The licensee opted for this solution since the majority of the drain
line was embedded in concrete, thus disallowing the installation for a
siphon-breaking vent hole on the drain line. In addition to the flange,
the licensee plans to continue to maintain the two isolation valves in
the closed position.
c. Conclusions
The inspector concluded that the modification was appropriately
accomplished, including the 10 CFR 50.59 evaluation, UFSAR updates, and
post modification testing. The installation of this modification
further enhanced plant safety by eliminating the potential for a siphon
induced spent fuel pool draindown..
E2
Engineering Support of Facilities and Equipment
E2.1 Maintenance Rule Plant System Reviews
a. Inspection Scope (37551)
The inspector attended several system review meetings that were held.
This was a new licensee initiative, partly in preparation for the
upcoming maintenance rule.team inspection.
b. Observations and Findings
The system review meetings discuss outstanding WR/JOs, ESRs, pending
modifications, maintenance rule status, functional failures,
unavailability, and any other items of interest related to the system.

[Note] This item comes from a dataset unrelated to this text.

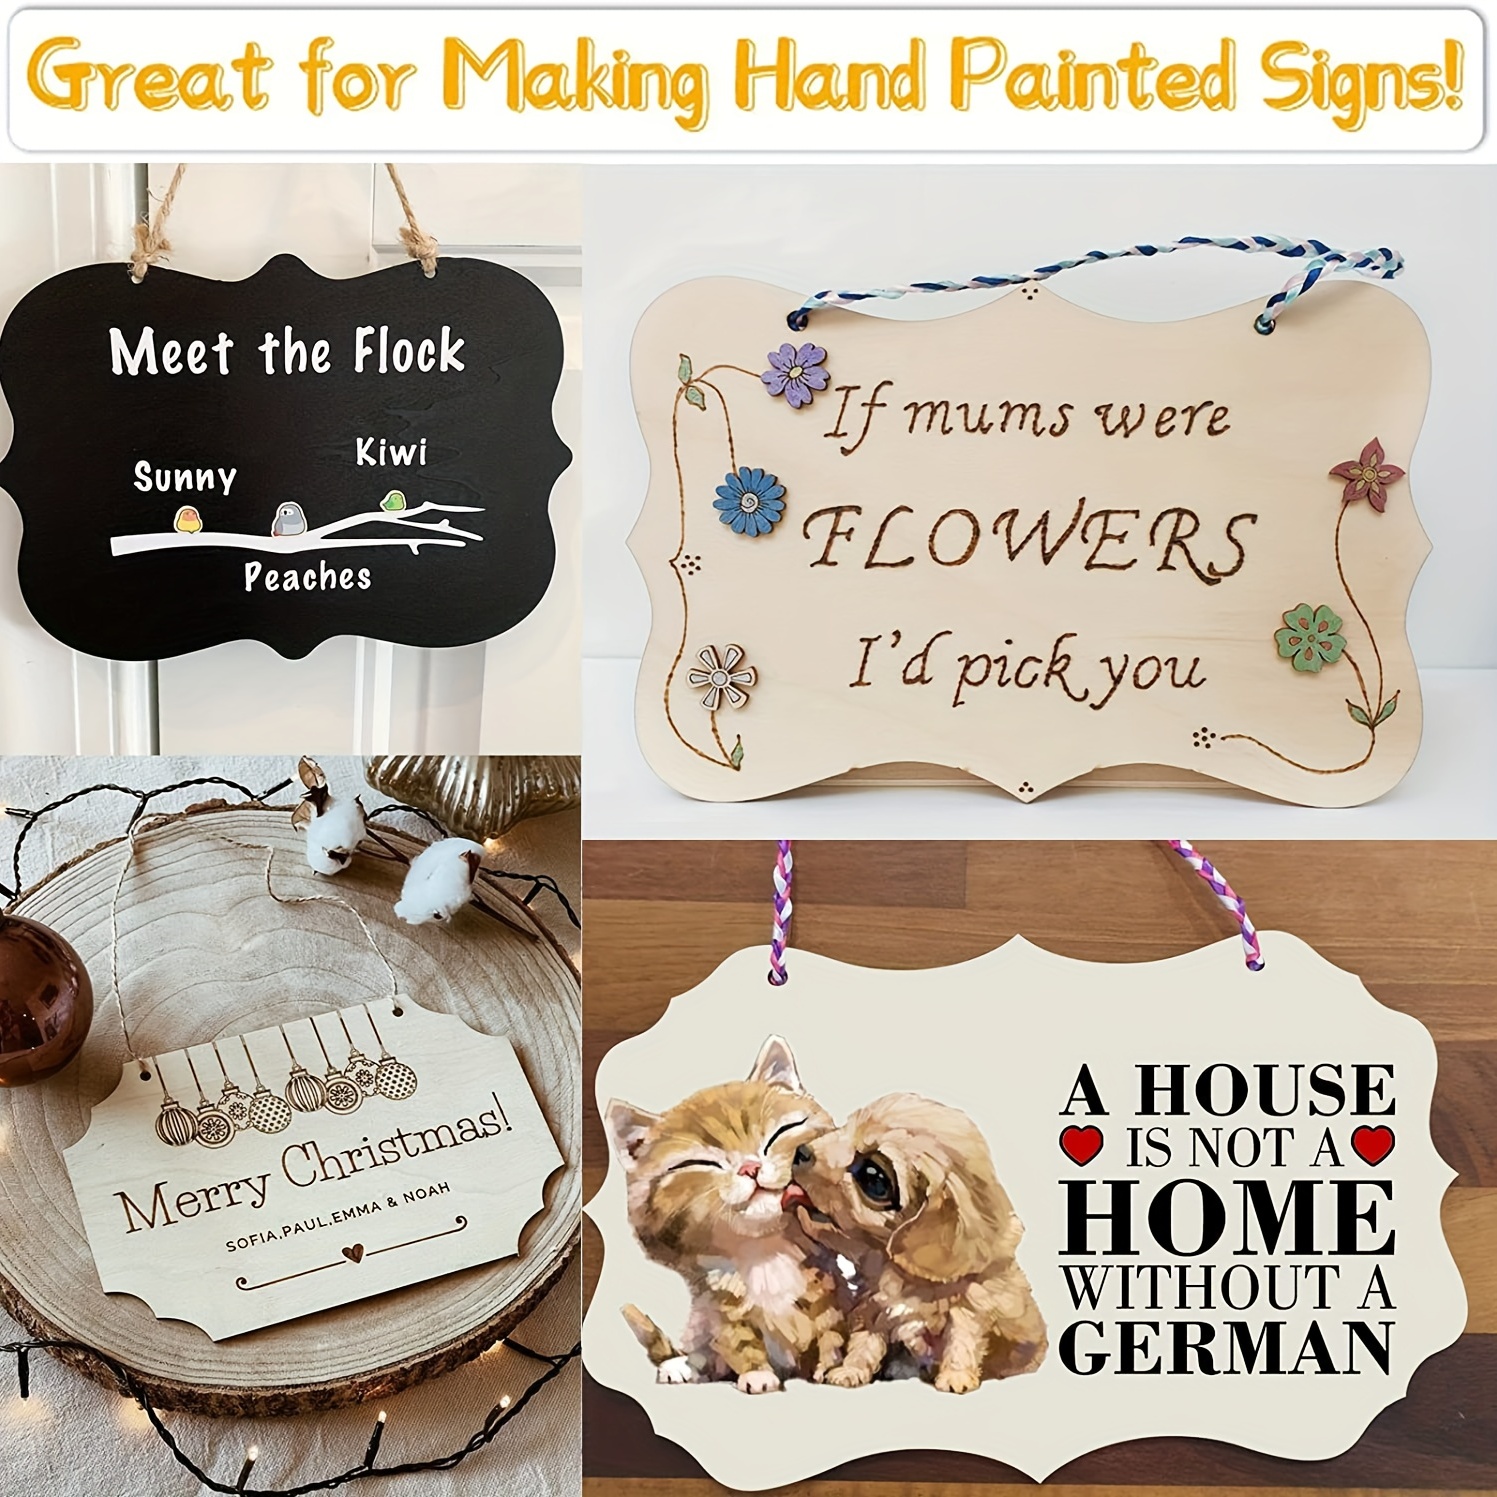 Hanging Wood Plaques for Crafts with Hemp Rope, DIY Painting Blank Wooden  Sign for Garden Decor Festival Suppliers

The system engineer is primarily the source of the information and the
meeting is typically attended by the Plant Manager, Engineering Manager,
Operations Manager, and Maintenance Manager. The current licensee focus
is on maintenance rule a(1) systems. The licensee plans to continue
this effort and not limit the review to just a(1) systems.
c. Conclusions
The inspector noted that licensee management asked appropriate questions
during the reviews. Further, the reviews sensitized appropriate
managers to the problems related to the discussed systems. The
inspector concluded that the overall impact of this initiative will
result in better focus and management of problems related to plant
systems.
13
E2.2 Unreviewed Safety Question Associated with Spent Fuel Shipping Cask
a. Inspection Scope (37551)
The inspector reviewed licensee investigation and actions related to an
Unreviewed Safety Question (USQ) that was identified by the licensee as
a result of NRC Bulletin 96-02, Movement of Heavy Loads Over Spent Fuel.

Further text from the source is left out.